Congenital Heart Disease and Pediatric Cardiology
Session Title: Devices, Artificial Intelligence, Digital and Machine Learning
Abstract 16730: Computerized Prediction of Avoidable Serum Potassium Testing in Critically Ill Cardiac Patients
Introduction: Electrolytes are frequently monitored among critically ill patients, especially among cardiac patients due to higher risk of arrhythmias. However, a percentage of these blood draws may potentially be saved. To date, no studies have investigated strategies to safely reduce the density of electrolyte monitoring in critically ill patients.
Hypothesis: We hypothesized that machine learning models can identify potentially avoidable blood draws for serum potassium (K) among pediatric patients following cardiac surgery.

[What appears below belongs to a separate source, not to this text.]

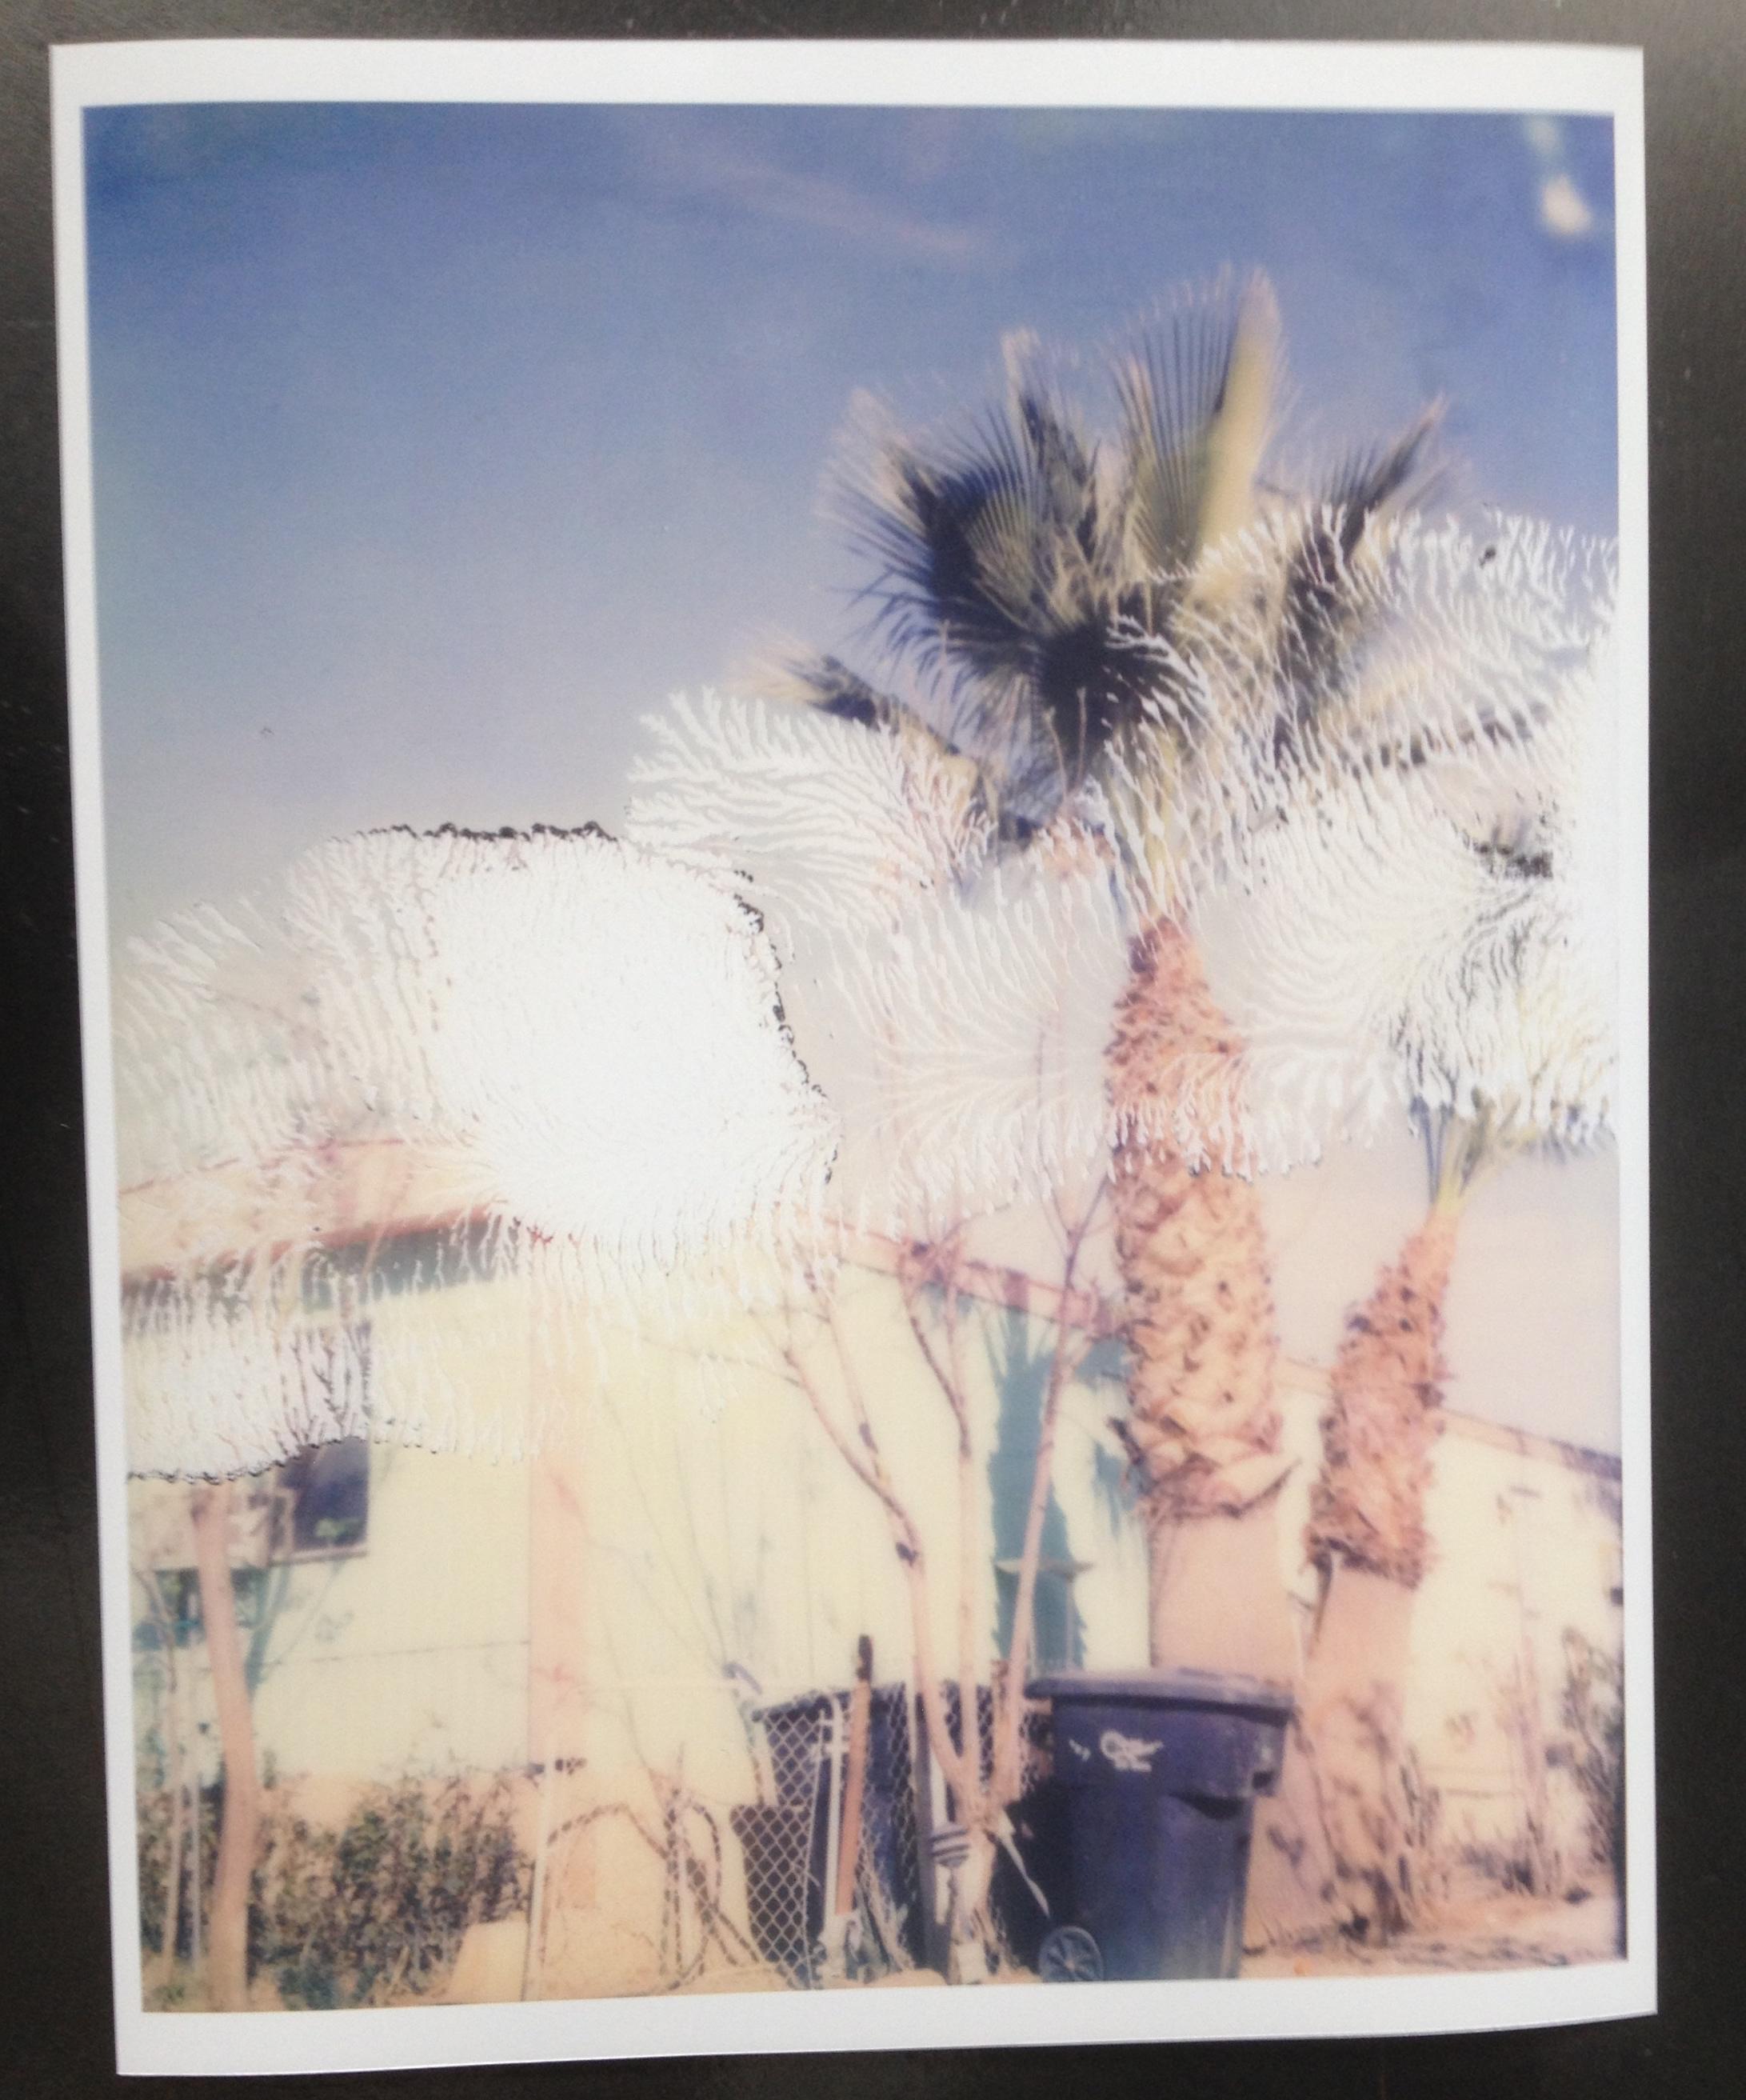 Borrego Springs (California Badlands) - Polaroid, 21st Century, Contemporary - Photograph by Stefanie Schneider

Methods: We retrospectively reviewed data of all patients admitted to the CICU at Boston Children’s Hospital during 2010-2018, having a length of stay ≥4 days and ≥2 recorded serum K measurements. We collected variables related to K homeostasis, including serum chemistry, hourly K intake, diuretics, and urine output. Using established machine learning techniques (Random Forest classifiers and hyperparameters) we created models predicting whether a patient’s K would be normal or abnormal based on the most recent K level, medications administered, urine output, and markers of renal function. We developed multiple models based on different age categories and temporal proximity of the most recent K measurement. We assessed the predictive performance of the models using an independent test set.

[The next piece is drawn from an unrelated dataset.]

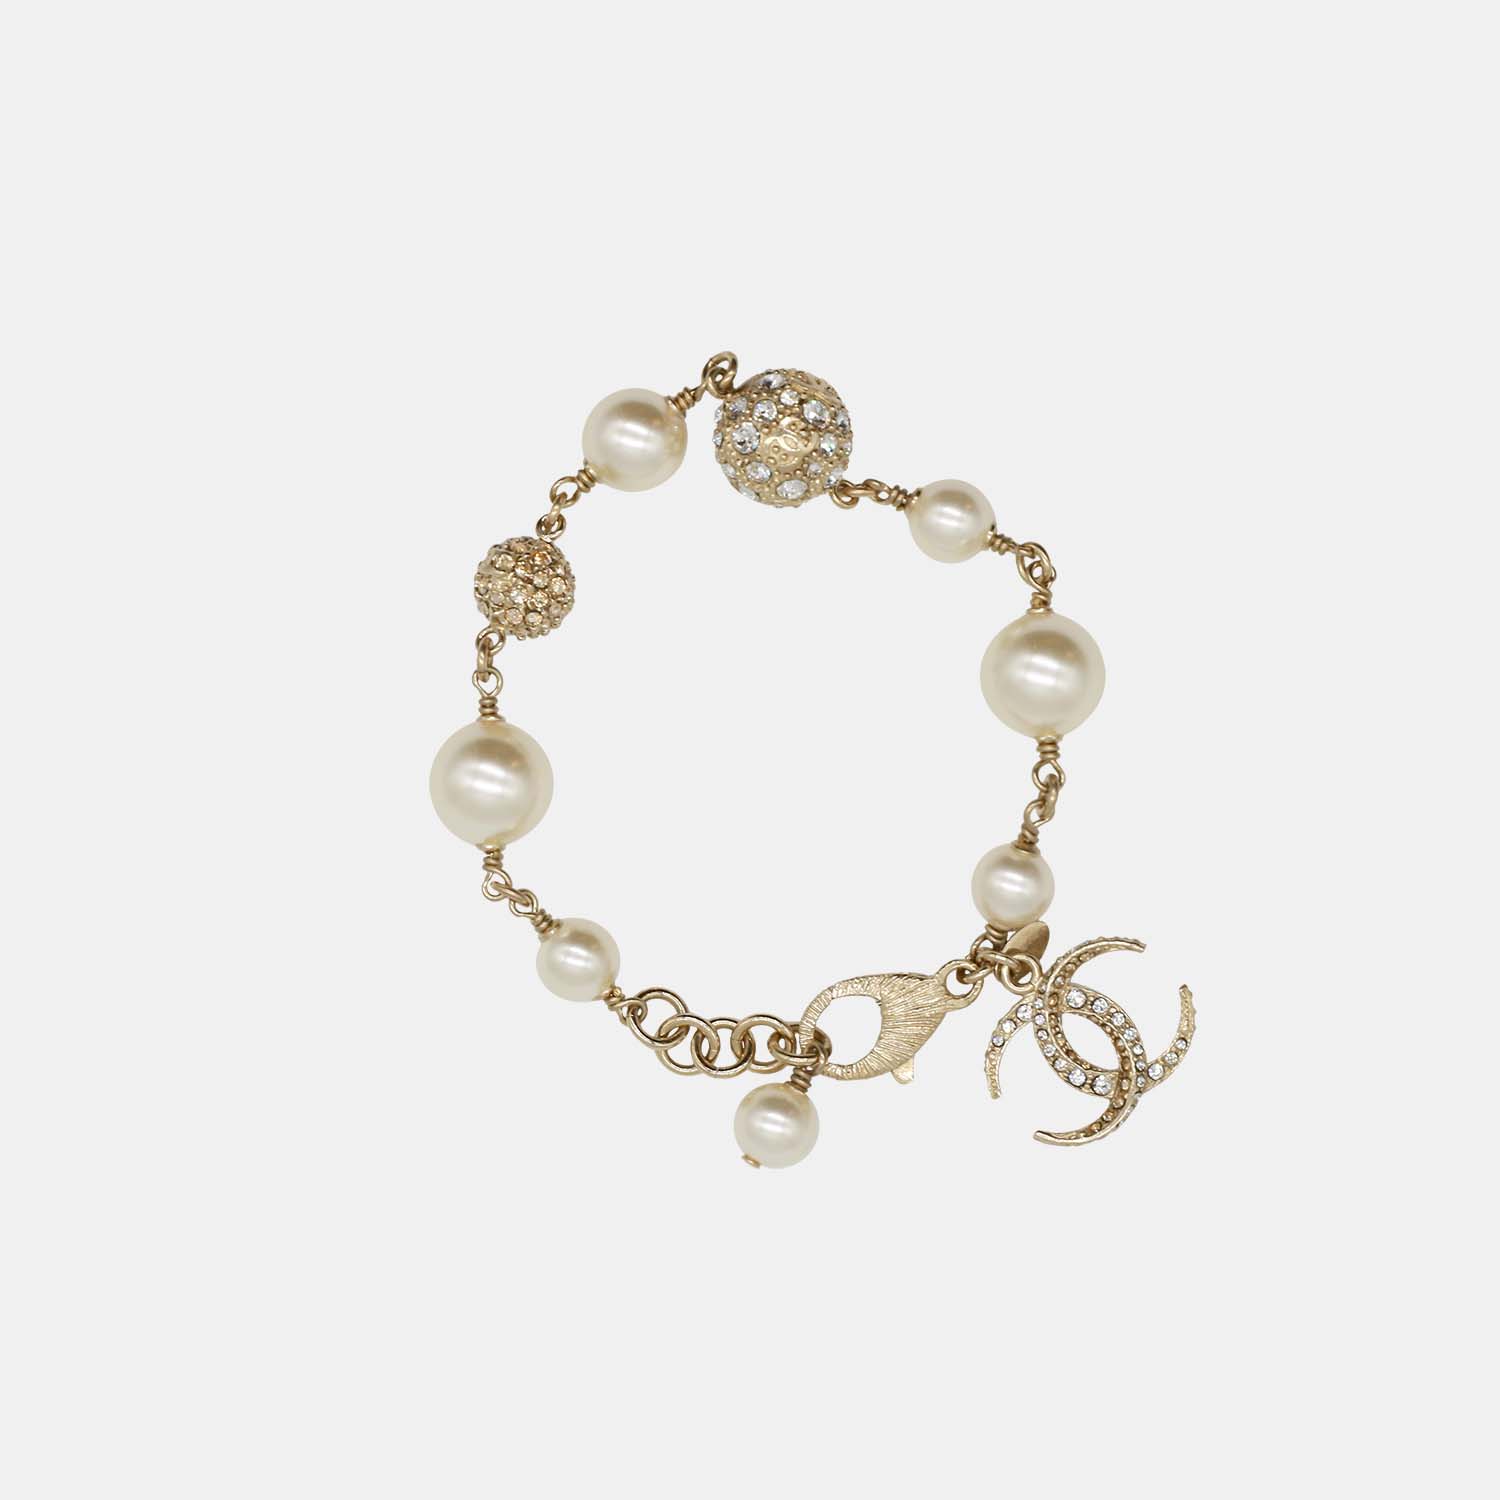 Chanel - Gold Tortoiseshell & Faux Pearl Button 'CC' Earrings

Results: Of the 7,269 admissions (6,196 patients) included, 95,674 serum K was measured on average of 1 (IQR 0-1) time per day. 96% of patients received at least one dose of IV diuretic and 83% received a form of K supplementation. Our models predicted a normal K value with a median positive predictive value of 0.90. A median percentage of 2.1% measurements (mean 2.5%, IQR 1.3%-3.7%) were incorrectly predicted as normal when they were abnormal. A median percentage of 0.0% (IQR 0.0%-0.4%) were incorrectly predicted as normal while being critically low or high. A median of 27.2% (IQR 7.8%-32.4%) of samples were correctly predicted to be normal and could have been potentially avoided.
Conclusions: Machine-learning methods can be used to accurately predict avoidable blood tests for serum K in critically ill pediatric patients. A median of 27.2% of samples could have been saved, with decreased costs and risk of infection or anemia.